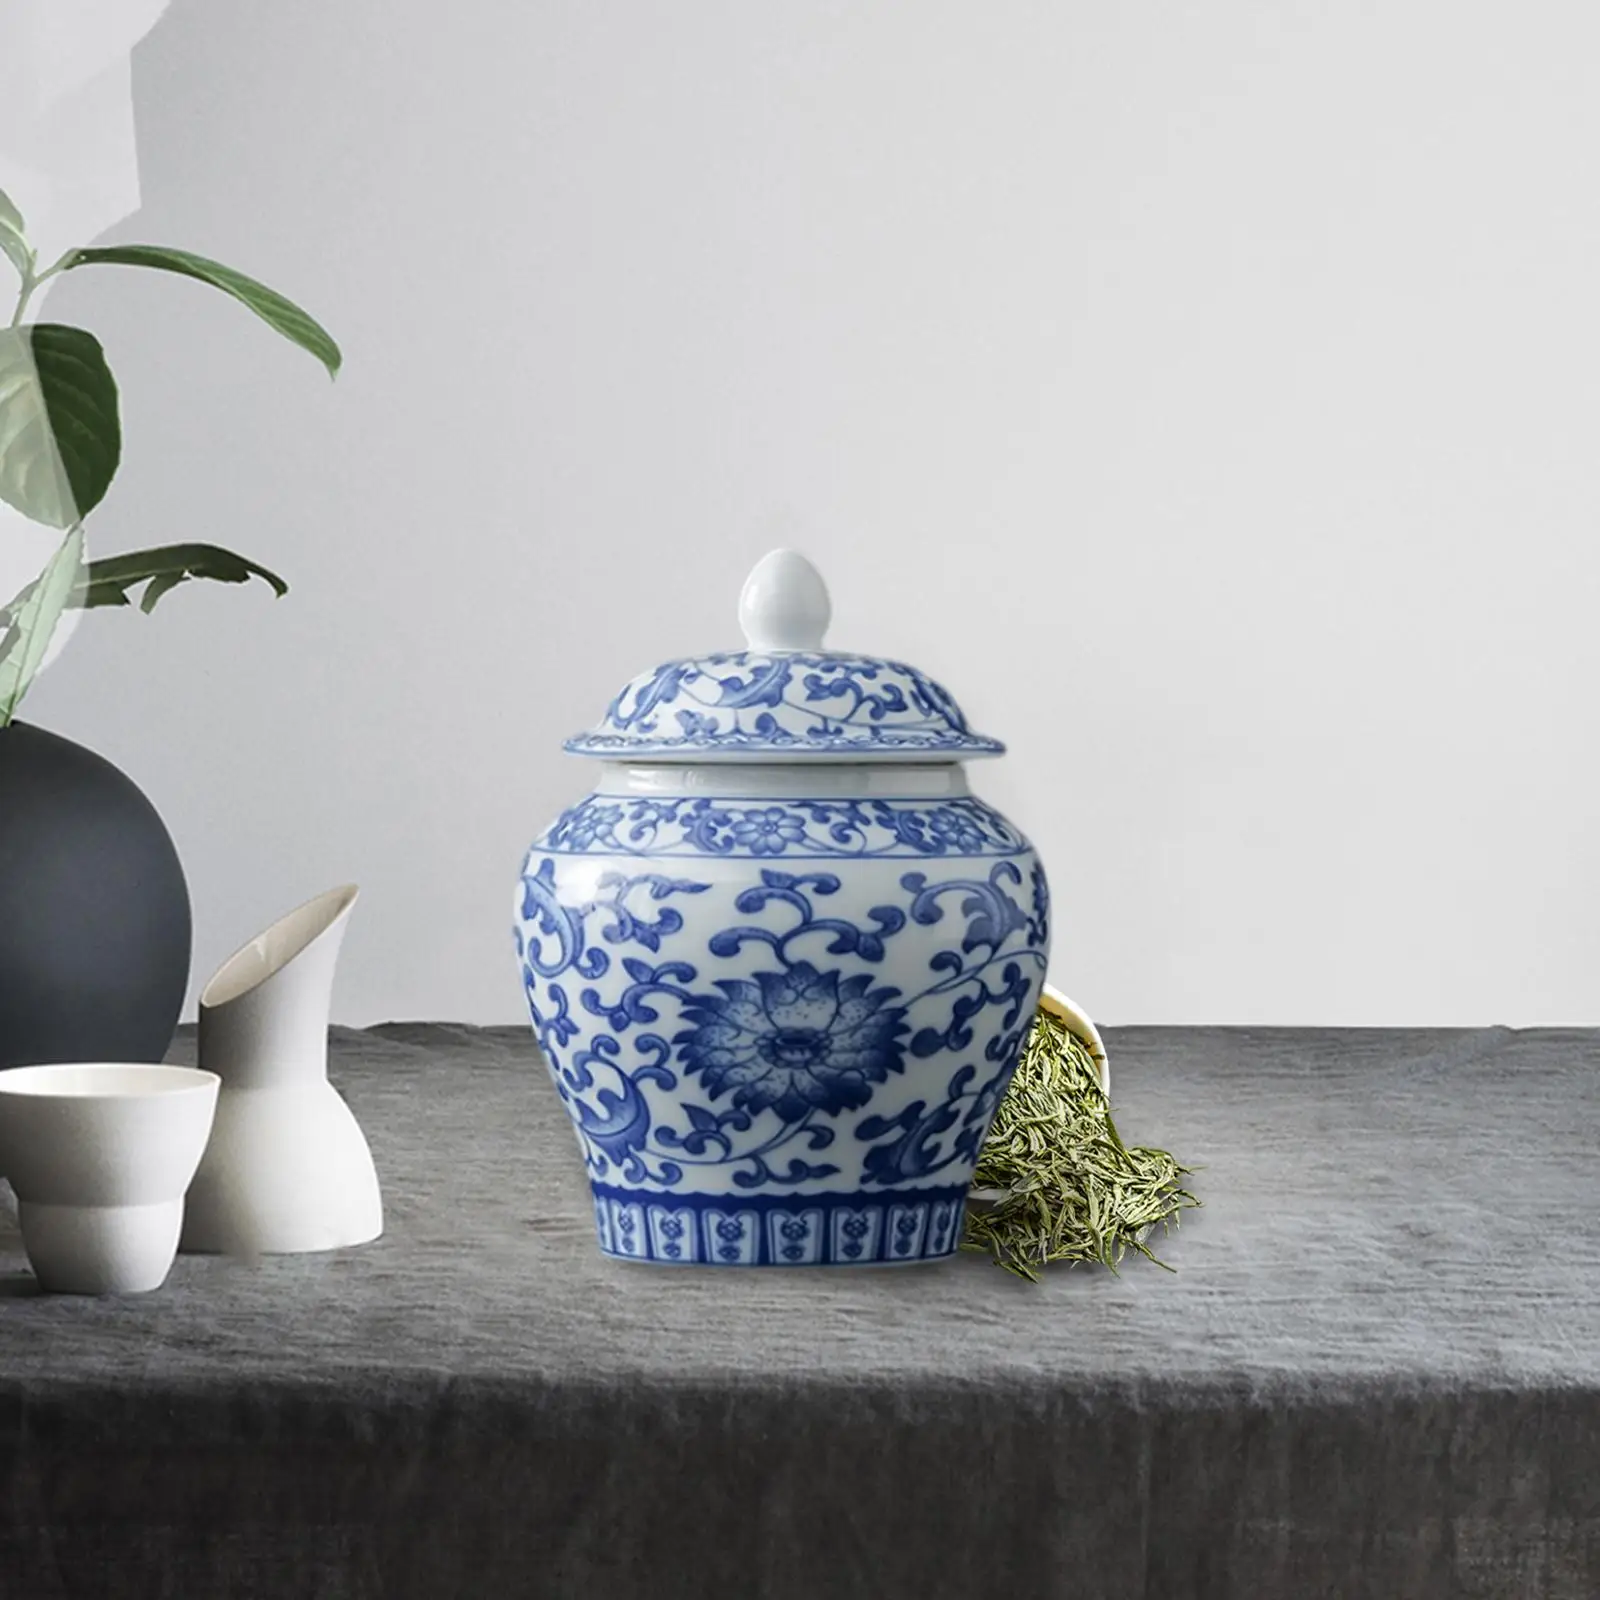 Ceramic Flower Vase Tea Canister Organizer Flower Arrangement Display Desk Versatile Porcelain Jar Fine Glaze Finish Traditional
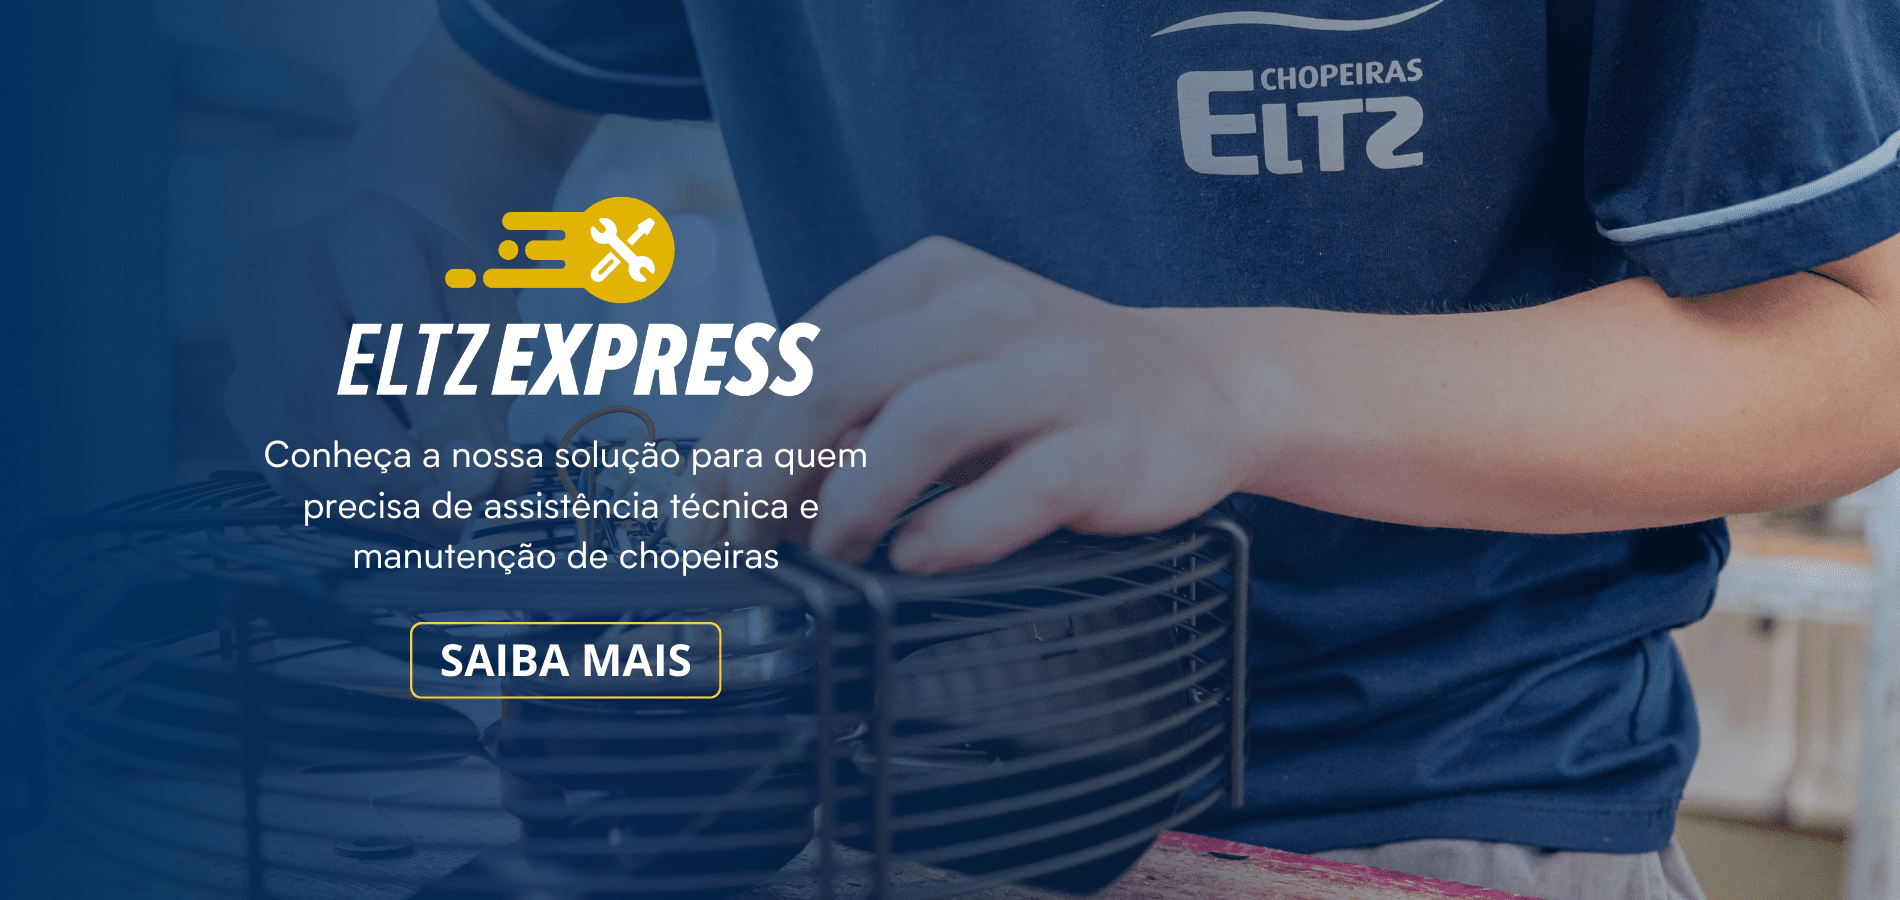 eltz-express-manutencao-de-chopeira
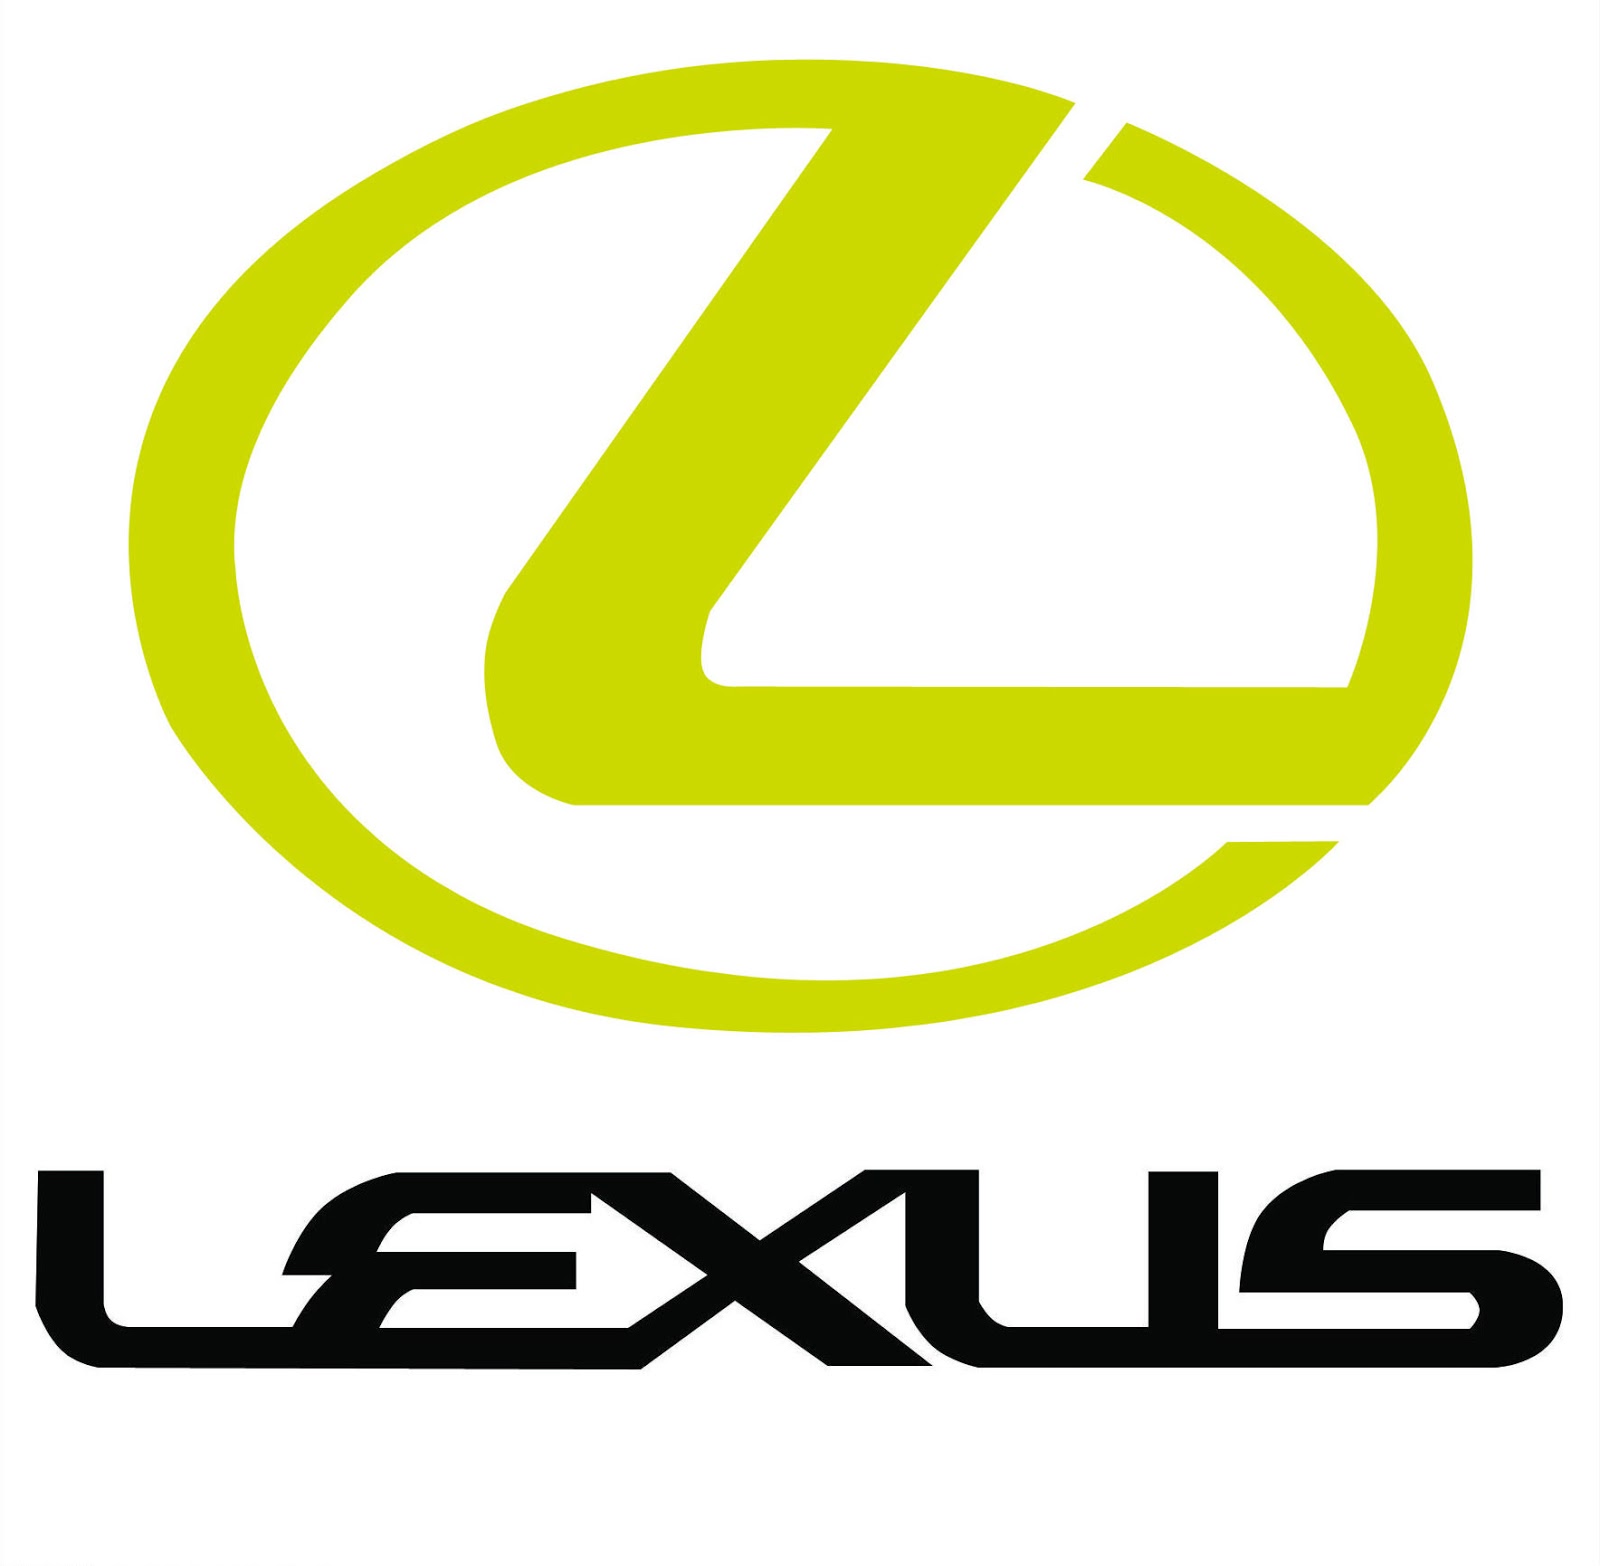 lexus car logos lexus logo final lexus logo lexus front lexus logo 
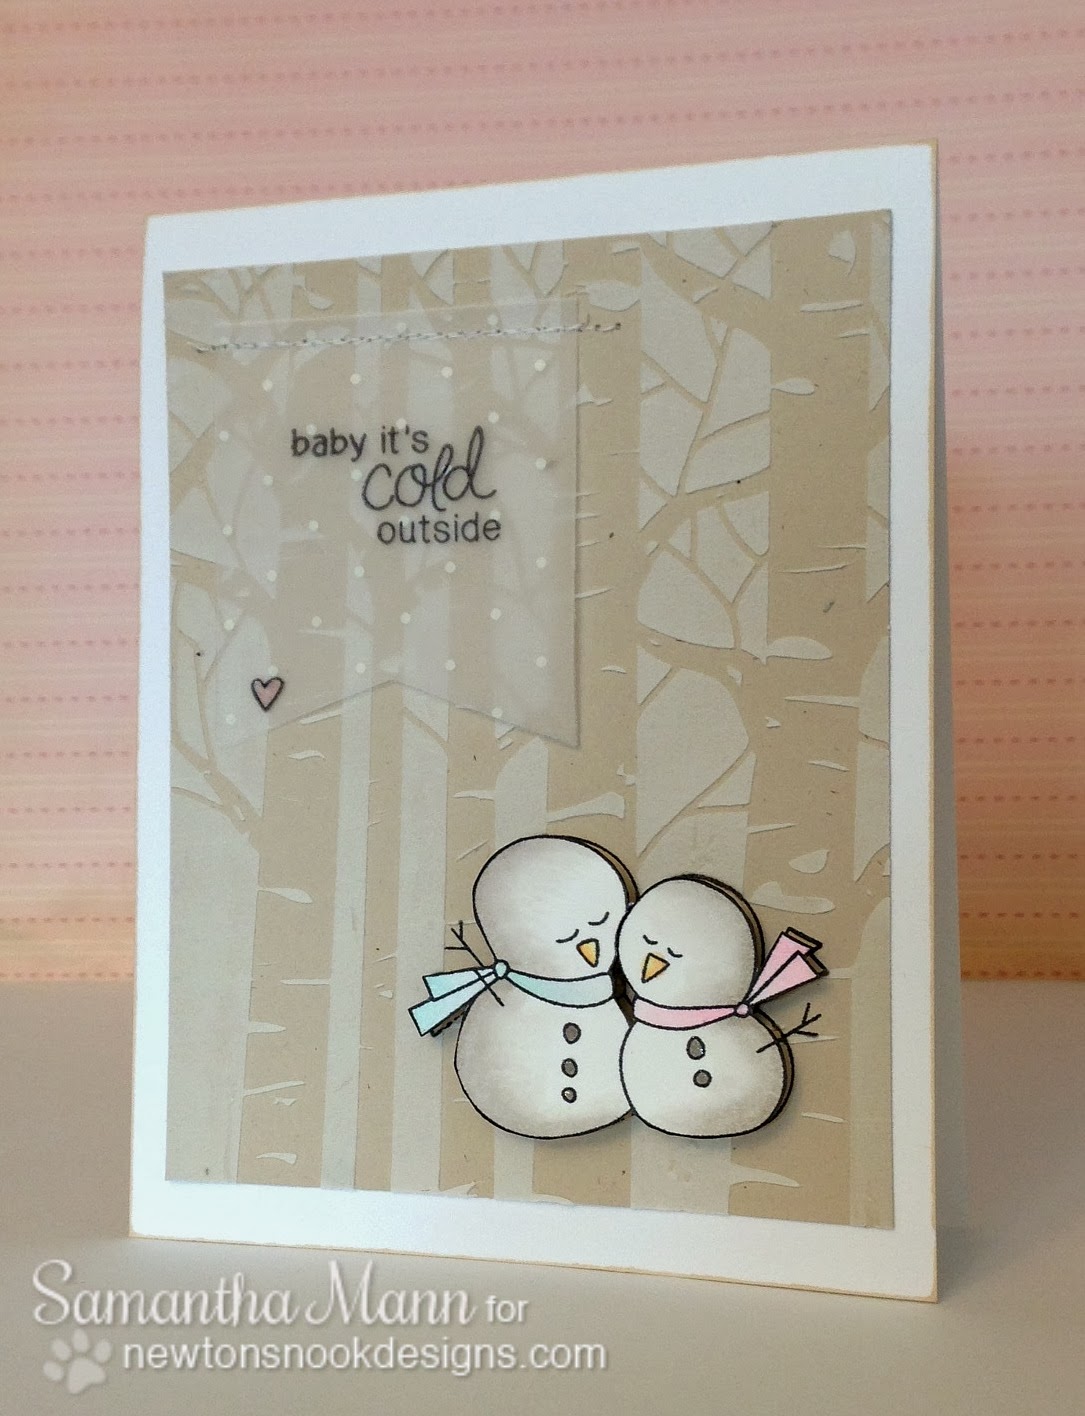 Sweet Winter Snowman Card by Samantha Mann using Frozen Friends Stamp set by Newton's Nook Designs

════════

Return the data exactly. Do not carry over any images.

 Ceramic Flower Vase Tea Canister Organizer Flower Arrangement Display Desk Versatile Porcelain Jar Fine Glaze Finish Traditional
 eltz-express-manutencao-de-chopeira
 lexus car logos lexus logo final lexus logo lexus front lexus logo 
 Sweet Winter Snowman Card by Samantha Mann using Frozen Friends Stamp set by Newton's Nook Designs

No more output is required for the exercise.